Mizuho Raises Oracle to Outperform, Citing 93% Cloud Infrastructure Surge
Mizuho Securities upgraded Oracle to Outperform and set a $320 price target after the company posted a fourth‑quarter revenue jump and a 93% year‑over‑year rise in cloud infrastructure revenue. The upgrade underscores the weight investors now place on Oracle’s AI‑driven cloud growth, even as the firm wrestles with a mounting debt load and negative free cash flow.
Why It Matters
Oracle’s pivot toward AI‑driven cloud infrastructure signals a broader shift in the enterprise SaaS market, where traditional license‑based models are giving way to consumption‑based, high‑growth cloud services. For SaaS operators, the rapid scaling of Oracle’s IaaS offering illustrates the capital intensity required to compete in the AI infrastructure niche, raising the bar for product‑led growth strategies that rely on low‑cost, scalable compute.
The upgrade also highlights the market’s willingness to price in future revenue visibility, as evidenced by the soaring RPO figure. Companies that can lock in multi‑year contracts for AI workloads may enjoy stronger net‑retention rates and defensible moats, but they must also manage the financing risk associated with large‑scale data‑center investments. Oracle’s experience will likely inform how other enterprise software firms balance growth ambitions with cash‑flow discipline.
Key Points
- Mizuho upgrades Oracle to Outperform with a $320 price target
- Oracle’s cloud infrastructure revenue rose 93% YoY to $5.8 billion
- Total revenue grew 21% to $19.2 billion; cloud revenue up 47% to $9.9 billion
- RPO reached $638 billion, up 363% YoY, indicating strong contracted demand
- Oracle raised $48 billion in debt and equity in fiscal 2026 and plans $40 billion more in fiscal 2027
Analysis
Oracle’s fourth‑quarter results underscore a pivotal moment for legacy enterprise software firms attempting to reinvent themselves as AI‑centric cloud providers. The 93% jump in infrastructure revenue is a dramatic acceleration, but it comes at the cost of a $23.7 billion free‑cash‑flow deficit and a balance sheet that now carries $218.7 billion in liabilities. Historically, Oracle’s strength lay in high‑margin database licensing; the shift to a consumption‑based model forces the company into a capital‑heavy race where scale and utilization are the primary levers for profitability.
From an operator’s perspective, the key takeaway is the importance of aligning go‑to‑market motions with the economics of heavy infrastructure spend. Oracle is leveraging a sales‑led motion—large enterprise contracts that feed its RPO backlog—while simultaneously trying to nurture a product‑led narrative around AI‑ready cloud services. Competitors that can deliver comparable compute capacity with lower capex, such as hyperscalers, will continue to pressure margins, making Oracle’s ability to monetize its new data centers critical.
Looking forward, the market will likely price Oracle’s stock based on the trajectory of its IaaS utilization rates and the speed at which its negative cash flow turns positive.
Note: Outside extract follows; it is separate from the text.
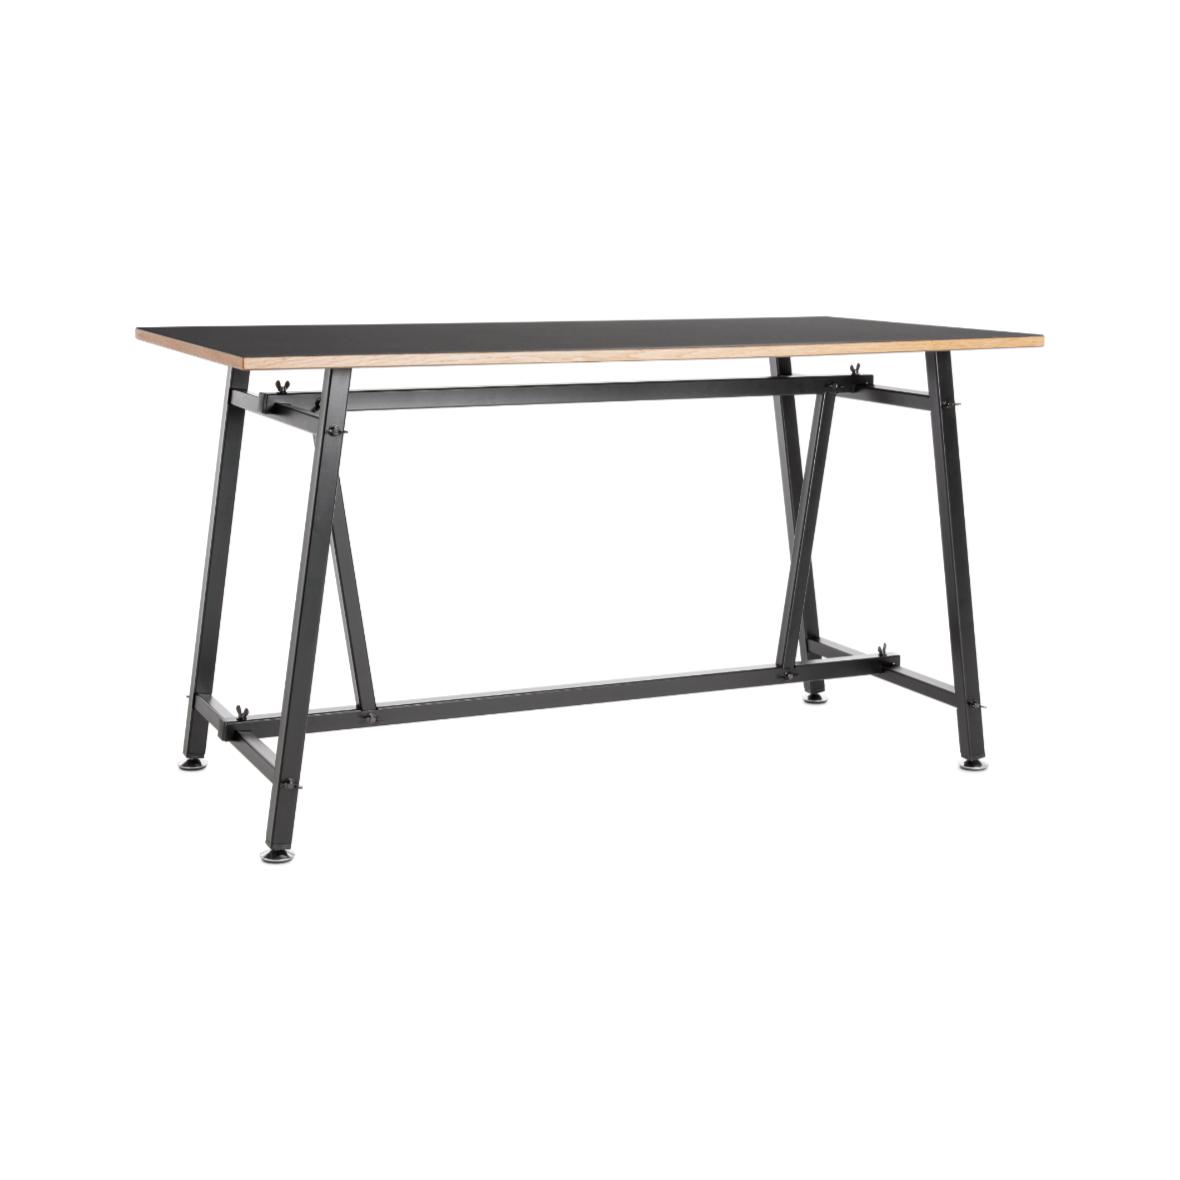 ateliertisch modell 4030 schwarz von embru

If the company can sustain double‑digit growth in cloud infrastructure while improving gross margins, the $320 target could be justified. Conversely, any slowdown in AI workload adoption or a need for further equity raises could erode investor confidence. The upgrade by Mizuho therefore reflects a calculated bet that Oracle’s AI cloud platform will mature into a cash‑generating engine, but the path remains fraught with financing and execution risks.